• Sessualità dopo parto

    Spesso le neo-mamme perdono interesse verso la vita sessuale e di coppia. I motivi possono essere diversi. Innanzitutto, l’attività frenetica di accudimento del neonato sottrae tempo ed energia a ogni altra attività, compresa quella sessuale. Lo stress di questo periodo può anche arrivare a inibire a livello biologico le pulsioni sessuali.Inoltre, con la gravidanza e il parto, il corpo è cambiato e spesso non si accorda più con i propri abituali canoni estetici: l’immagine di sé come donna fisicamente attraente può essere danneggiata, e a questo può conseguire un crollo del desiderio. Diffusi pregiudizi sociali dipingono un’immagine di “mamma” completamente asessuata, non “sporcata” da connotazioni erotiche. Se la donna inconsciamente aderisce a questo stereotipo, il rifiuto della sessualità sarà inevitabile. Ligia all’immagine della “madre perfetta”, la donna si sente investita di enormi responsabilità, e il dovere diventa l’unica linea guida nell’organizzazione della propria giornata: il piacere (specialmente quello erotico) esce dalla lista delle priorità.

    A volte capita che anche l’uomo veda la neo-mamma esclusivamente nella sua veste “sacra” e dunque “inviolabile”. Più spesso però il partner fa pressioni per riprendere la vita sessuale, e questo può essere percepito dalla donna come un’altra richiesta cui far fronte, l’ennesima pretesa che va ad aggiungersi a quelle del “piccolo tiranno”. Alcune donne si “innamorano” perdutamente del proprio bambino. Le attenzioni, le coccole e il contatto fisico (un tempo indirizzati al partner) diventano esclusivamente diretti al loro nuovo “oggetto d’amore”. Si forma una fortissima diade madre-figlio, in cui non c’è posto per nessun altro. A volte le nuove condizioni di vita imposte dall’arrivo del figlio sono incompatibili con la concezione di sessualità della donna. Per esempio, chi ha sempre considerato la spontaneità un ingrediente essenziale dell’erotismo, troverà estremamente difficile fare i conti con la routine imposta dal figlio: una programmazione dell’intimità con il partner verrà considerata inaccettabile.

    Per queste e altre ragioni, dunque, l’arrivo di un figlio può interferire pesantemente con la vita sessuale.
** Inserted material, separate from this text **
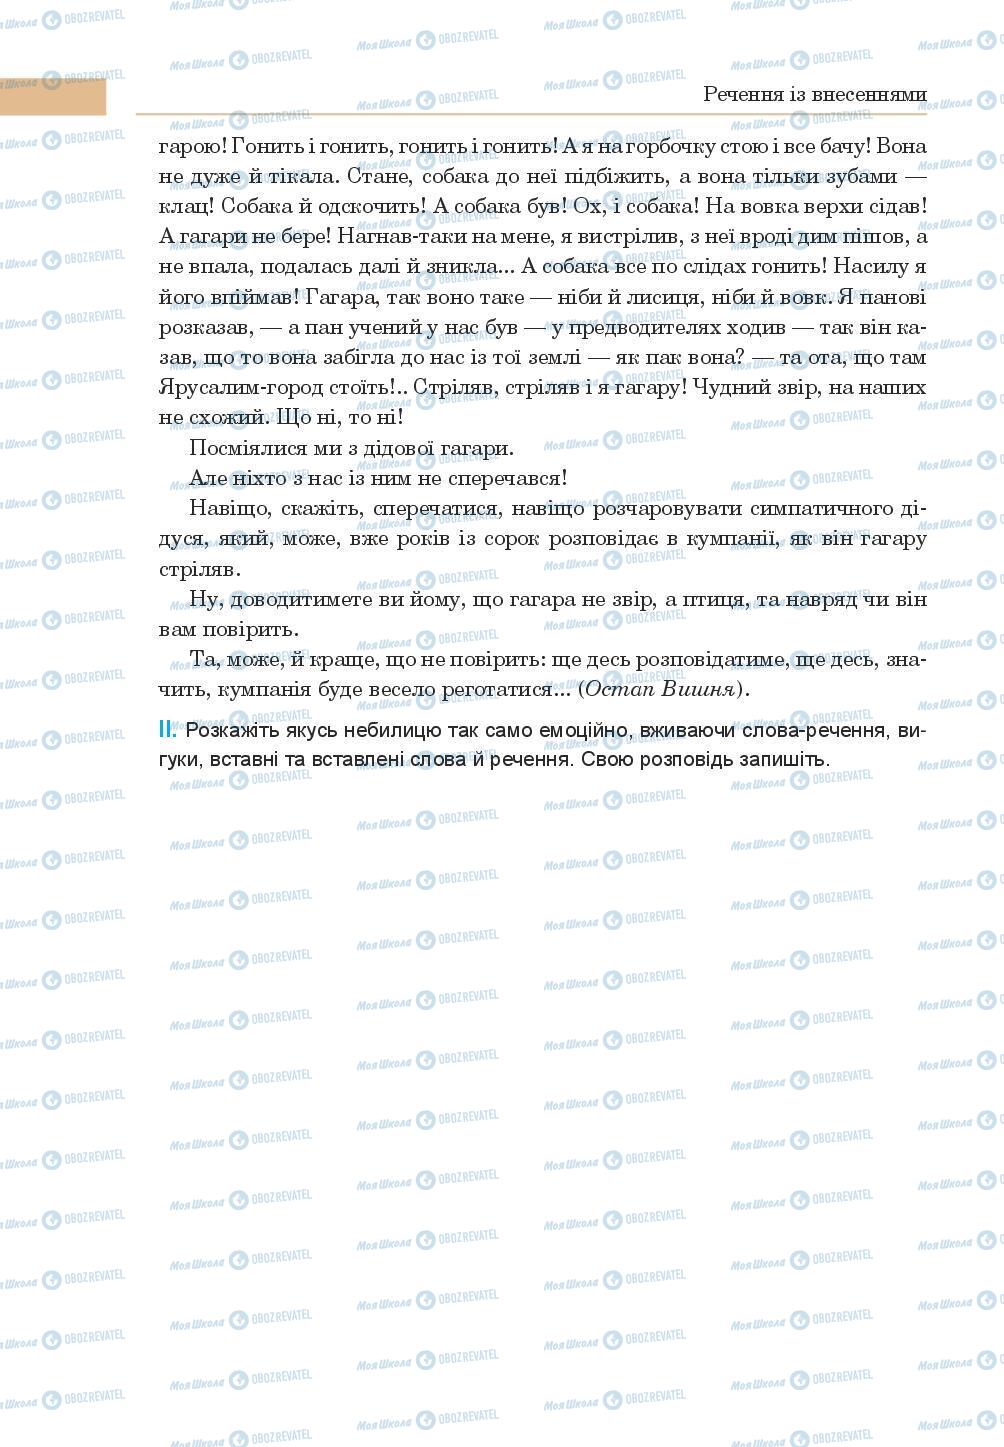 Підручники Українська мова 8 клас сторінка 210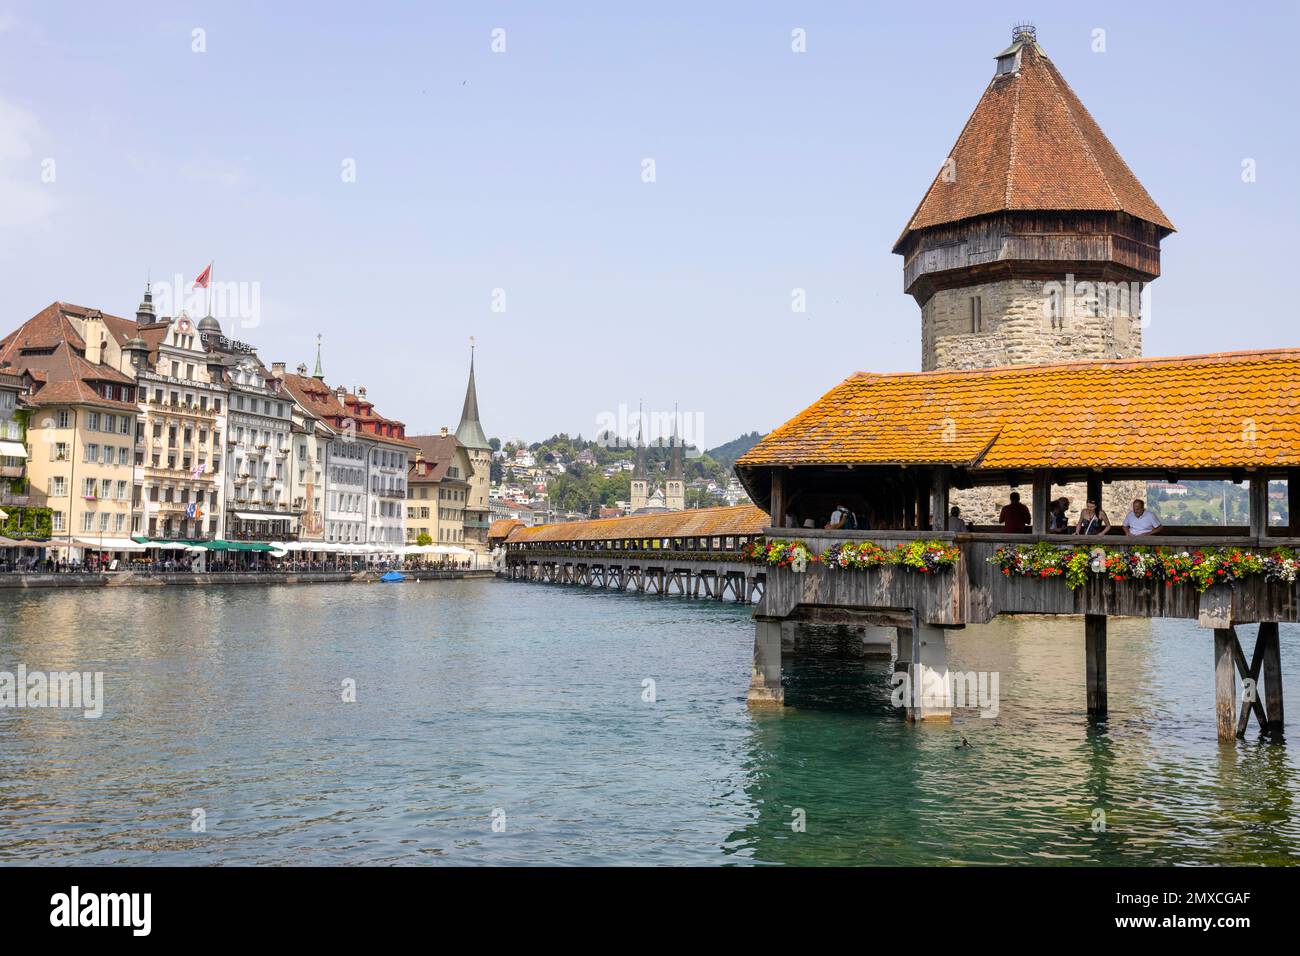 LUZERN, SCHWEIZ, 21. JUNI 2022 - Blick auf die verwundete überdachte Kapellbrücke am Fluss Reuss und die Gebäude in Luzern, Schweiz. Stockfoto

A tutto ciò vanno aggiunti fattori organici che possono rendere dolorosi i rapporti.

    Nella donna che allatta i livelli di estrogeni sono bassi e questo, analogamente a quanto accade dopo la menopausa può creare un’estrema secchezza vaginale e una ridotta lubrificazione vaginale al momento del rapporto, sia per effetto diretto (la vagina è già in partenza più asciutta) sia perché la paura di sentir male o ancor peggio il fastidio avvertito ai primi tentativi di penetrazione sono potenti inibitori del riflesso di lubrificazione che accompagna l’eccitazione.

    L’allattamento aumenta inoltre la sensibilità del seno che può renderne sgradevole la stimolazione durante il rapporto.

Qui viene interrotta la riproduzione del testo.